One additional point: the ML deep learning algorithm is a black box, not provided by Avati et al, and apparently not usable by others. And the algorithm is so complex (especially with its extreme usage of procedure codes) that one can’t be certain that it didn’t use proxies for private insurance coverage, raising a possible ethics flag. In general, any bias that exists in the health system may be represented in the EHR, and an EHR-wide ML algorithm has a chance of perpetuating that bias in future medical decisions. On a separate note, I would favor using comprehensive comorbidity indexes and severity of disease measures over doing a free-range exploration of ICD-9 codes.

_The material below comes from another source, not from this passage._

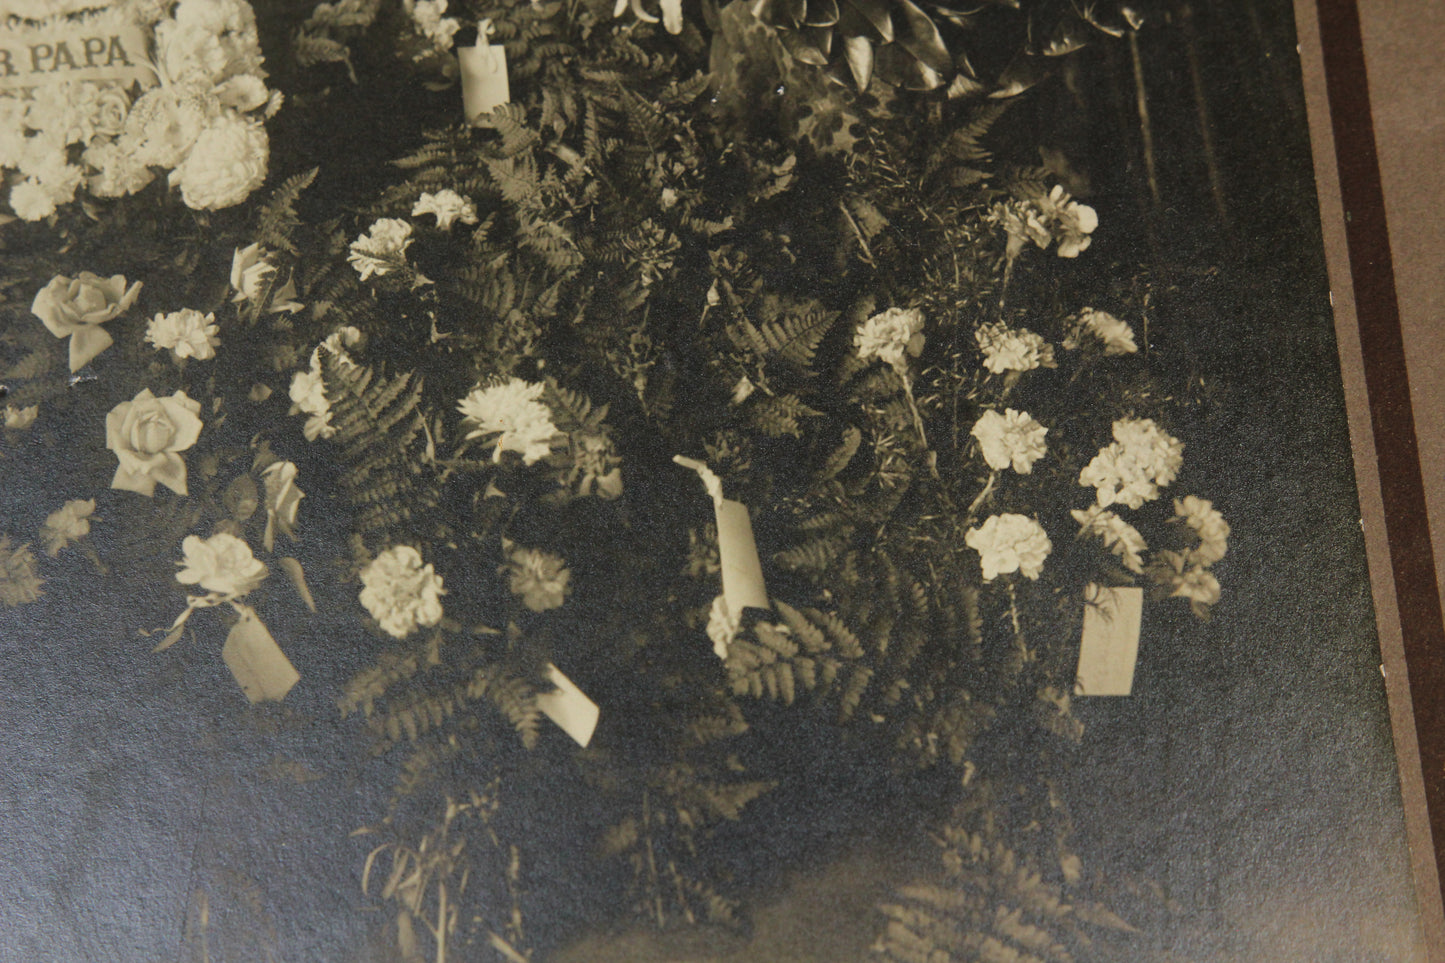 Antique Matted Funeral Flower Arrangement Photograph for "Our Papa"
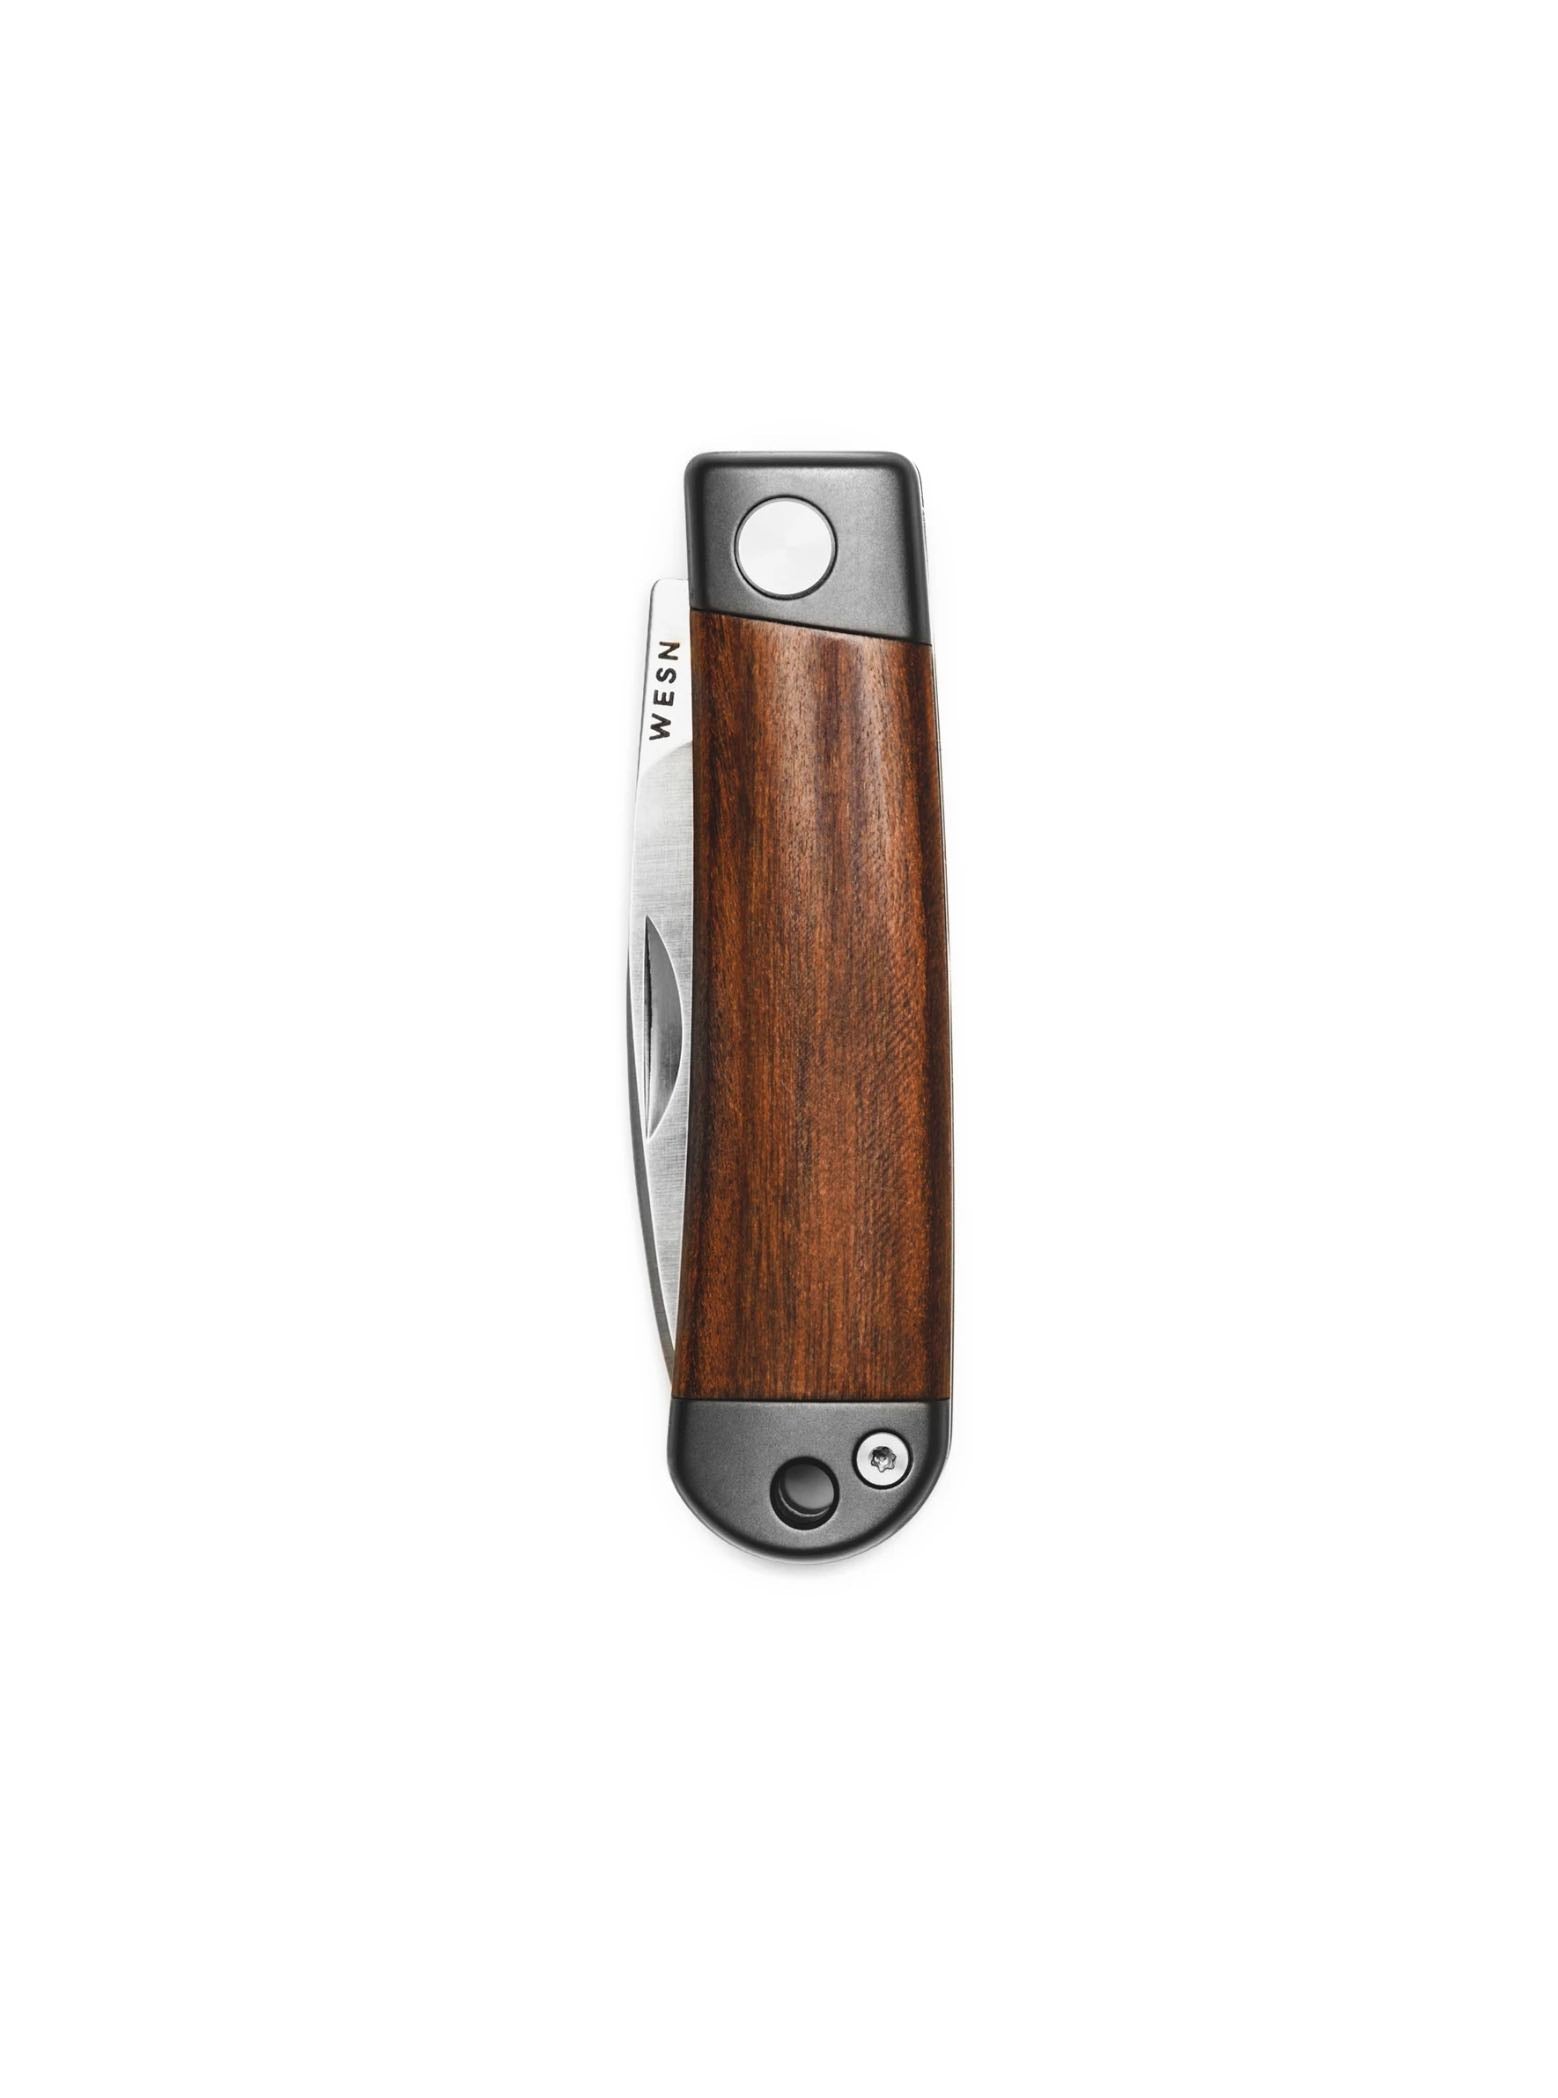 WESN The Henry in Cherry Wood with Leather Sheath

Nomogram for obtaining predicted 1- and 2-year survival probabilities and the 10th, 25th, 50th, 75th, and 90th percentiles of survival time (in months) for individual patients in HELP. Disease class abbreviations: a=ARF/MOSF/Coma, b=all others, c=CHF, d=Cancer, e=Orthopedic. To use the nomogram, place a ruler vertically such that it touches the appropriate value on the axis for each predictor. Read off where the ruler intersects the ‘Points’ axis at the top of the diagram. Do this for each predictor, making a listing of the points. Add up all these points and locate this value on the ‘Total Points’ axis with a vertical ruler. Follow the ruler down and read off any of the predicted values of interest. APS is the APACHE III Acute Physiology Score.

In the rush to use ML and large EHR databases to accelerate learning from data, researchers often forget about the advantages of statistical models and of using more compact, cleaner, and better defined data. They also sometimes forget how to measure absolute predictive accuracy, or that utilities must be incorporated to make optimum decisions. Utilities are applied to predicted risks; classifiers are at odds with optimum decision making and with incorporating utilities at the appropriate time, which is usually at the last minute just before the medical decision is made and not when a classifier is being built.